To create human NPY Y1-, Y2-, Y5-receptor fusion proteins with GFP, CFP, YFP, and DSRed, respectively, appropriate expression vectors were cloned. PCR with Taq polymerase was used to amplify the hY1-, hY2-, and hY5-receptor sequences, which are cloned in the pcDNA3 vector (Invitrogen). An amino-terminal primer, 5'-CTGCTTACTGGCTTATCG-3', upstream of the HindIII site of the multicloning site of pcDNA3 was combined with a primer designed against the carboxyl terminus, where the stop codon is replaced by a restriction site and there is an additional codon for alanine. The carboxy-terminal primer, 5'-CGCGGATCCCAGATTTTTTCATTATCATCATTGTTG-3', with a BamHI site, was used for amplifying the hY1-sequence, the carboxy-terminal primer, 5'-CGCGGATCCGCGACATTGGTAGCCTCTG-3', with a BamHI site, was used for amplifying the hY2-sequence, and the antisense primer, 5'-CGCGTCGACCCCATATGAAGACAGTGTATAAG-3', with a SalI site, was used for amplifying the hY5-sequence. After PCR the receptor sequences were subcloned into pCR2.1-TOPO vector (Invitrogen), respectively, amplified, and digested with HindIII and BamHI or HindIII and SalI. To obtain the hY1-pEGFP, hY2-pEGFP, and hY5-pEGFP vectors the plasmid pEGFP-N1 (Clontech) was digested either with HindIII and BamHI or with HindIII and SalI. The digested vector was ligated to the receptor sequences obtained from pCR2.1-TOPO vector, respectively. Expression vectors with the hY1-, hY2-, and hY5-sequence and CFP, YFP, and DSRed, respectively, were cloned in the same way by using the pECFP-N1 vector (Clontech), pEYFP-N1 vector (Clontech), or the pDSRed-N1 vector (Clontech). The constructs were verified by restriction and sequence analysis.
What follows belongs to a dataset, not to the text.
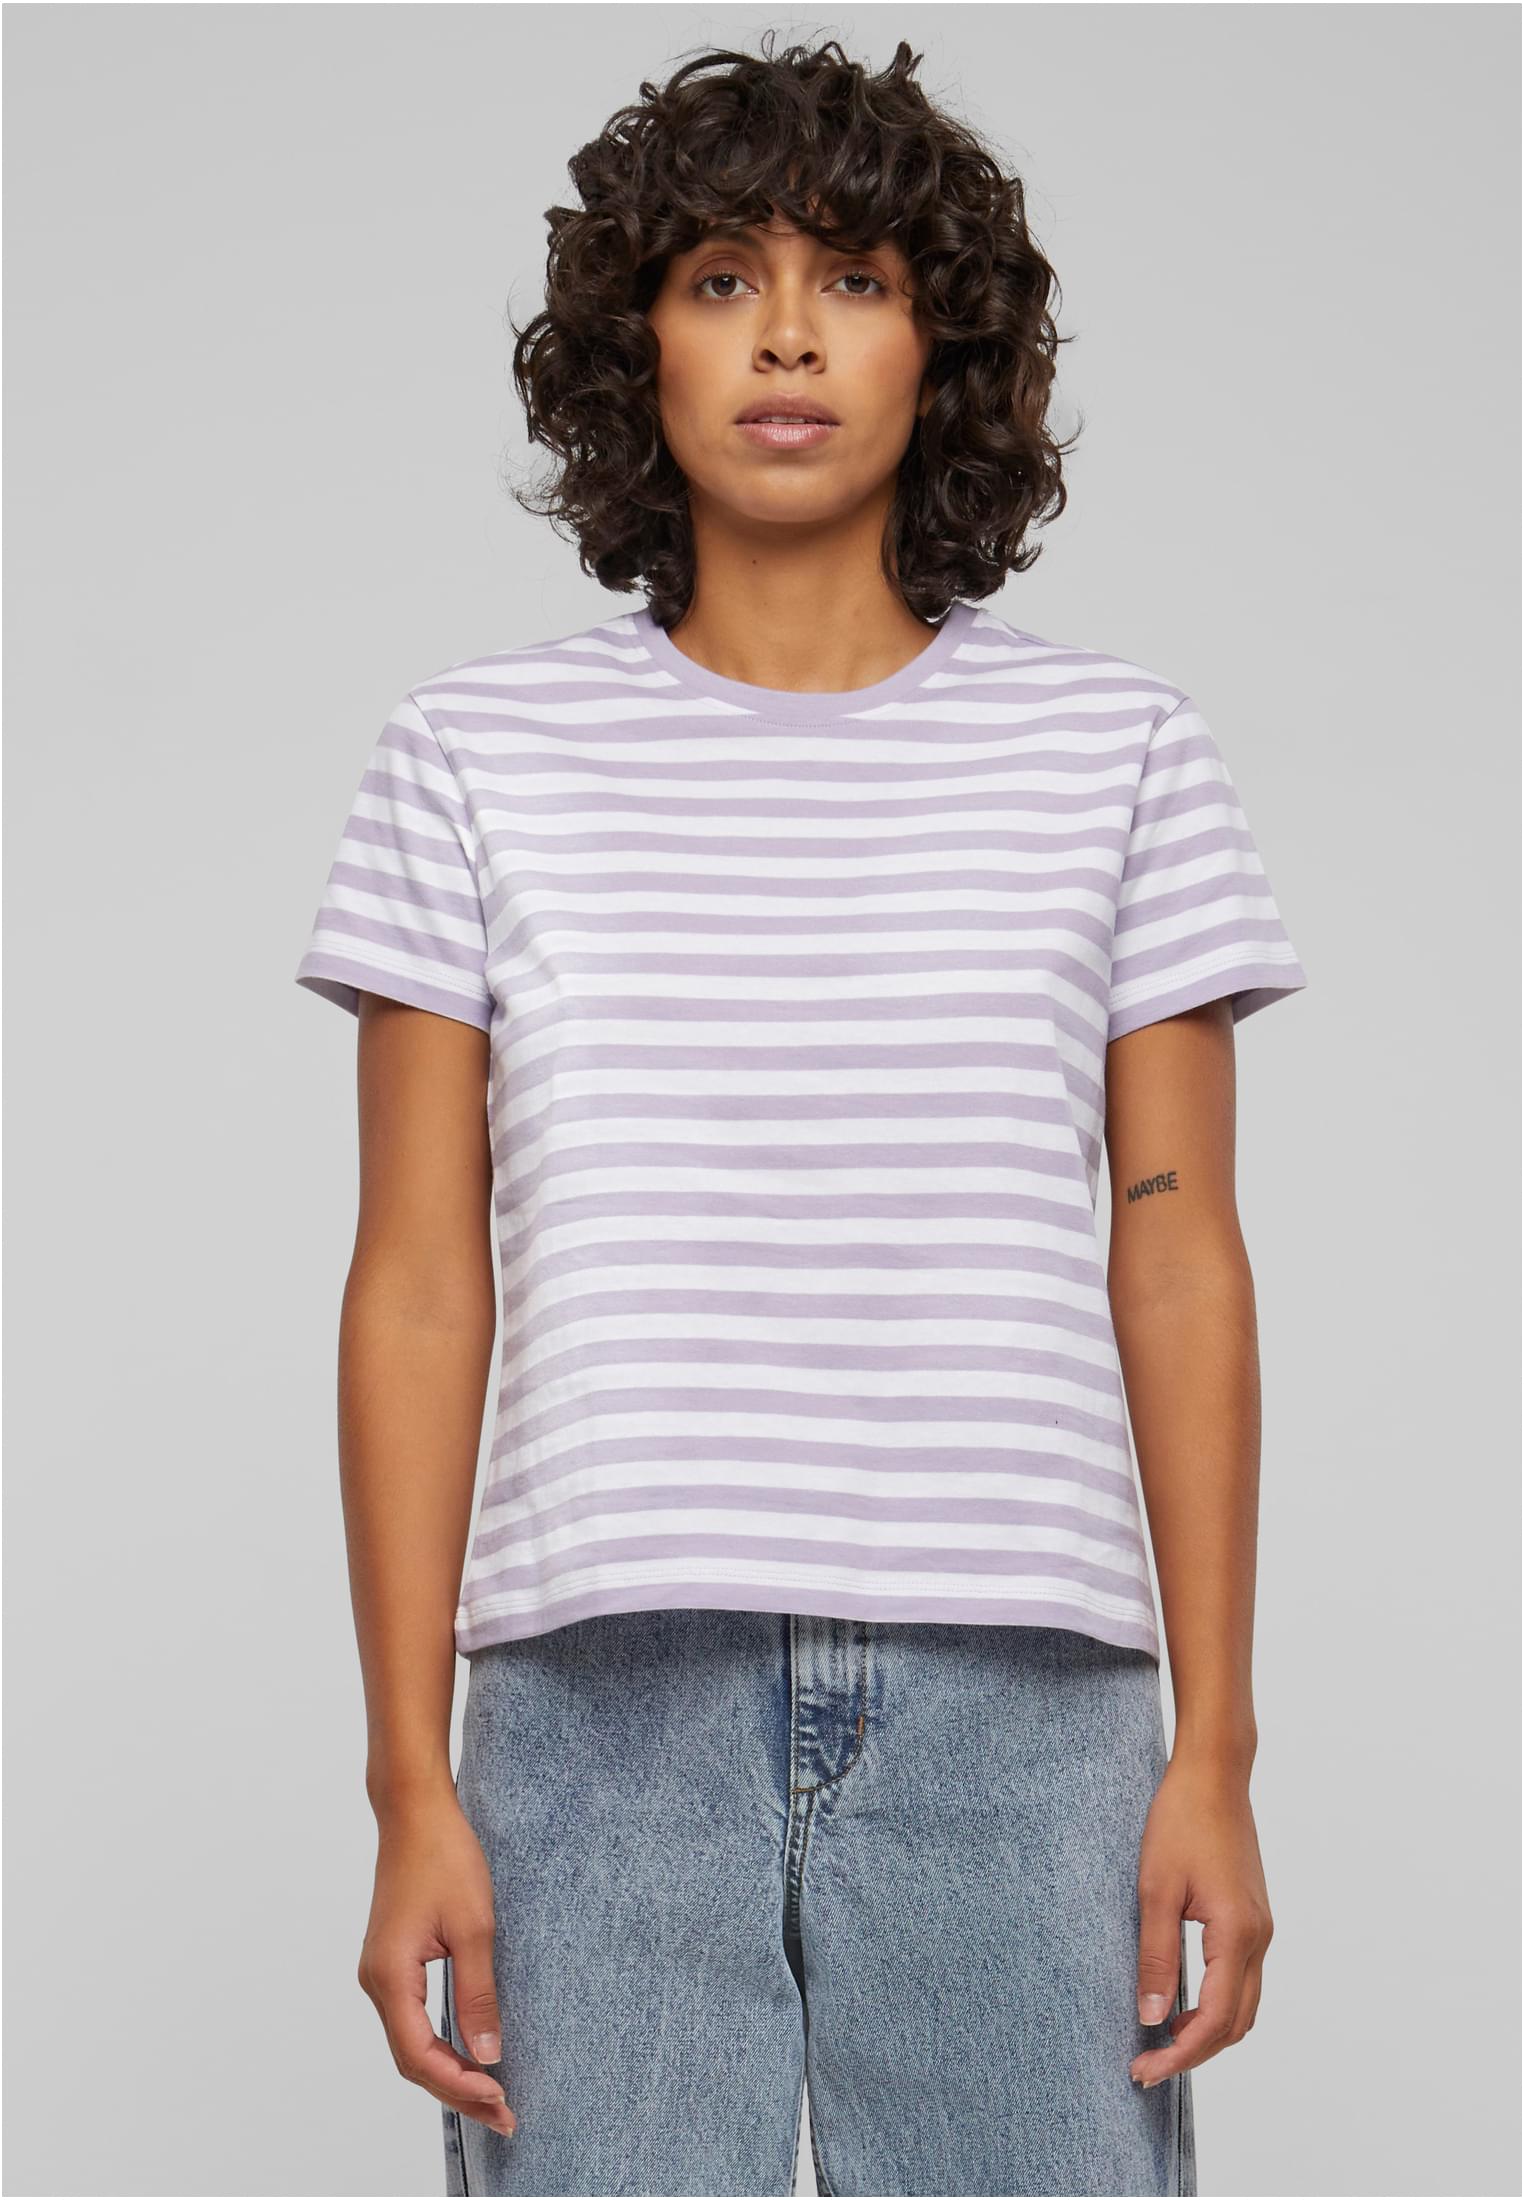 Dámské základní pruhované tričko bílé/fialové

Construction of Positive Control Fusion Proteins

As a positive control for FRET imaging and measurements, we constructed two different fusion proteins of hY1-receptor, GFP and DSRed and hY2-receptor, YFP and CFP. The hY1-GFP-DSRed vector was cloned in two steps. First, a hY1-pEGFP fusion protein without stop codon in the fusion protein sequence was generated. Therefore, the hY1-pEGFP vector was used as template, and PCR was performed with the amino-terminal primer, 5'-ATCTGGGATCCACCGG-3', and the carboxy-terminal primer, 5'-TCCTCCGCGGCCGCTCCCTTGTACAGCTCG-3', to generate the hY1-GFP(-stop) sequence. After digestion the hY1-GFP sequence of the hY1-pEGFP vector was replaced by hY1-GFP(-stop). In the second step the DSRed sequence was amplified by using PCR. Two primers were generated, the sense primer, 5'-GGCGGCGGCGCGGCCGCGATCAATCTCATCACCAGACAGAGATATGGCAAGAGATCCAGCCCTGAGACACTGATTGGCATGGTGCGCTCCTCC-3', with a NotI site and a restriction site for convertase I, and the antisense primer, 5'-GCCTCTAGAGCCCTACAGGAACAGGTGG-3', with a XbaI site. The vector hY1-pEGFP(-stop) was digested with BamHI and XbaI, and the DSRed sequence was subcloned. The construct was verified by restriction and sequence analysis.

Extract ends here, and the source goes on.